Le ligament croisé antérieur est le stabilisateur le plus important de l'articulation du genou. Il est situé au milieu de l'articulation et a pour principale fonction d'empêcher la jambe de glisser vers l'avant par rapport à la cuisse.

Beaucoup ignorent sa fonction de capteur. Un ligament croisé sain contient de nombreux capteurs mesurant la tension et la tension. Cela signifie que la tension du ligament, ou la force de traction, est constamment mesurée. Une connexion nerveuse à la moelle épinière permet d'activer les muscles de la jambe par réflexe. Avant même que je perçoive consciemment un déplacement de l'articulation du genou, le ligament croisé a déjà enregistré la situation dangereuse. Sa connexion nerveuse et le circuit réflexe avec les muscles de la jambe la neutralisent immédiatement, prévenant ainsi toute lésion supplémentaire. C'est ce qu'on appelle la proprioception.

La perte du ligament croisé est donc doublement préjudiciable. D'une part, le ligament stabilisateur est absent et, d'autre part, l'appareil de mesure ultra-sensible et son circuit réflexe sont également défaillants.

La perte de proprioception lors d'une rupture du ligament croisé est également souvent à l'origine de l'échec des tentatives exclusives de stabilisation musculaire. Bien sûr, une personne lésée au ligament croisé est capable de développer considérablement ses muscles pour améliorer la stabilisation de l'articulation du genou. Mais sans le capteur sensible du ligament croisé et son circuit réflexe via la moelle épinière, la stabilisation musculaire ne peut fonctionner que de manière limitée. Dans la plupart des cas, un déplacement important de la jambe par rapport au fémur dans l'articulation du genou se produit déjà avant même que les muscles ne réagissent. Le genou est alors davantage endommagé. La chirurgie est donc inévitable pour les sportifs. La suture du ligament croisé antérieur étant malheureusement inefficace, différentes techniques de remplacement ont été mises au point. Deux greffes différentes sont aujourd'hui les plus couramment utilisées : le tendon rotulien ou le tendon semi-tendineux, ainsi que le tendon gracillis, deux tendons de la partie postérieure de la cuisse. Chaque procédure présente ses avantages et ses inconvénients.
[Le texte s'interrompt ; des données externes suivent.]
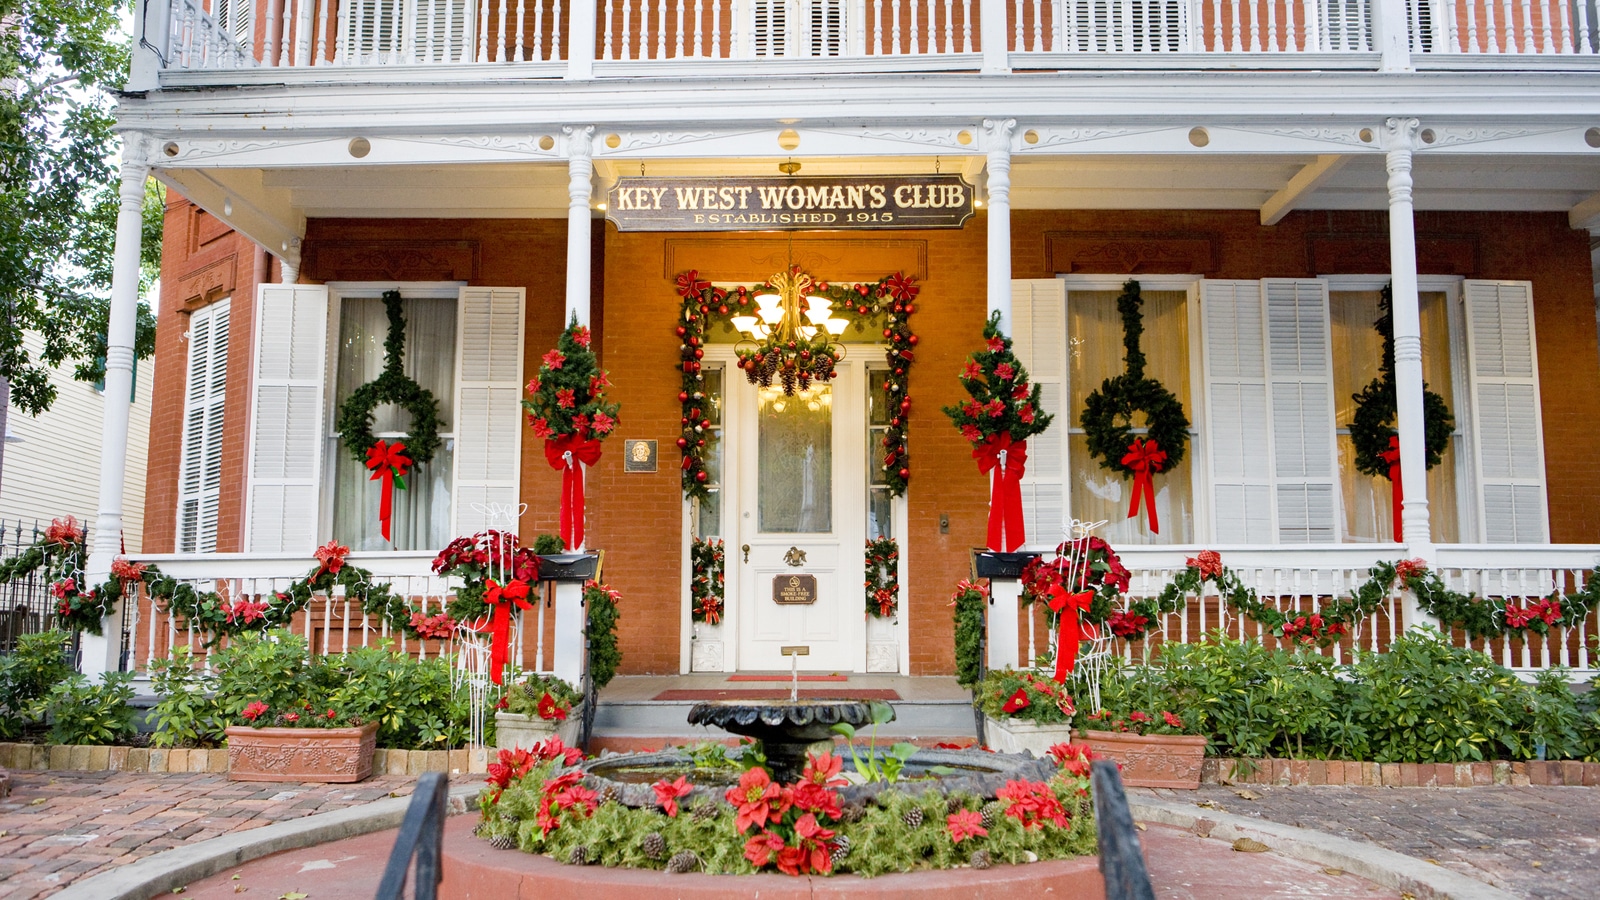 December In Key West - Christmas Decorations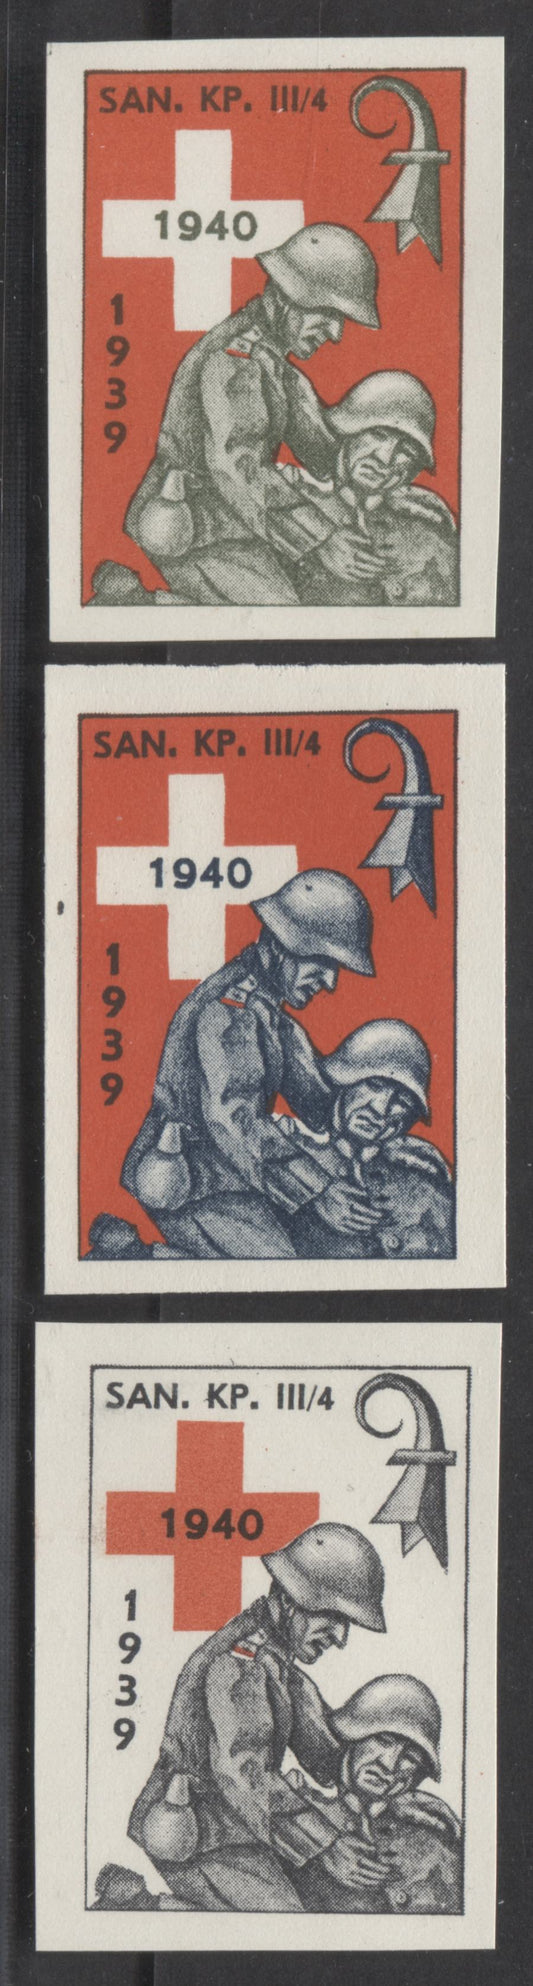 Lot 94 Switzerland SC#Unlisted  1939 - 1940 Military Stamp Issue - SAN. KP. III/4 Division, 1940 Overprints, Imperf, 3 VFOG Examples, Click on Listing to See ALL Pictures, Estimated Value $12 USD

Voici quelques chiffres sur la mécanique du ligament croisé et les transplantations les plus courantes : IRM du genou. Un ligament croisé sain a une résistance à la traction d'environ 2 160 N, soit environ 220 kg. La résistance à la traction d'une transplantation de tendon rotulien se situe entre 2 400 et 3 600 N, selon la largeur choisie. Les tendons de la partie postérieure de la cuisse sont encore plus résistants. Une quadruple transplantation, réalisée à partir des tendons du semi-tendineux et du gracillis, a une résistance à la traction de plus de 4 100 N, soit plus de 410 kg. Les transplantations étant toutes nettement plus stables que le ligament croisé naturel, le point faible du système n'est pas la transplantation, mais la fixation du nouveau ligament à l'os. Différents implants sont disponibles à cet effet. Toutes ces vis, plaques ou broches sont destinées à maintenir le tendon dans l'os. Elles remplissent précisément cette fonction, certaines plus que d'autres.

 

En fin de compte, il n'y a cependant pas d'autre solution que de laisser à la greffe le temps de s'intégrer correctement dans l'os.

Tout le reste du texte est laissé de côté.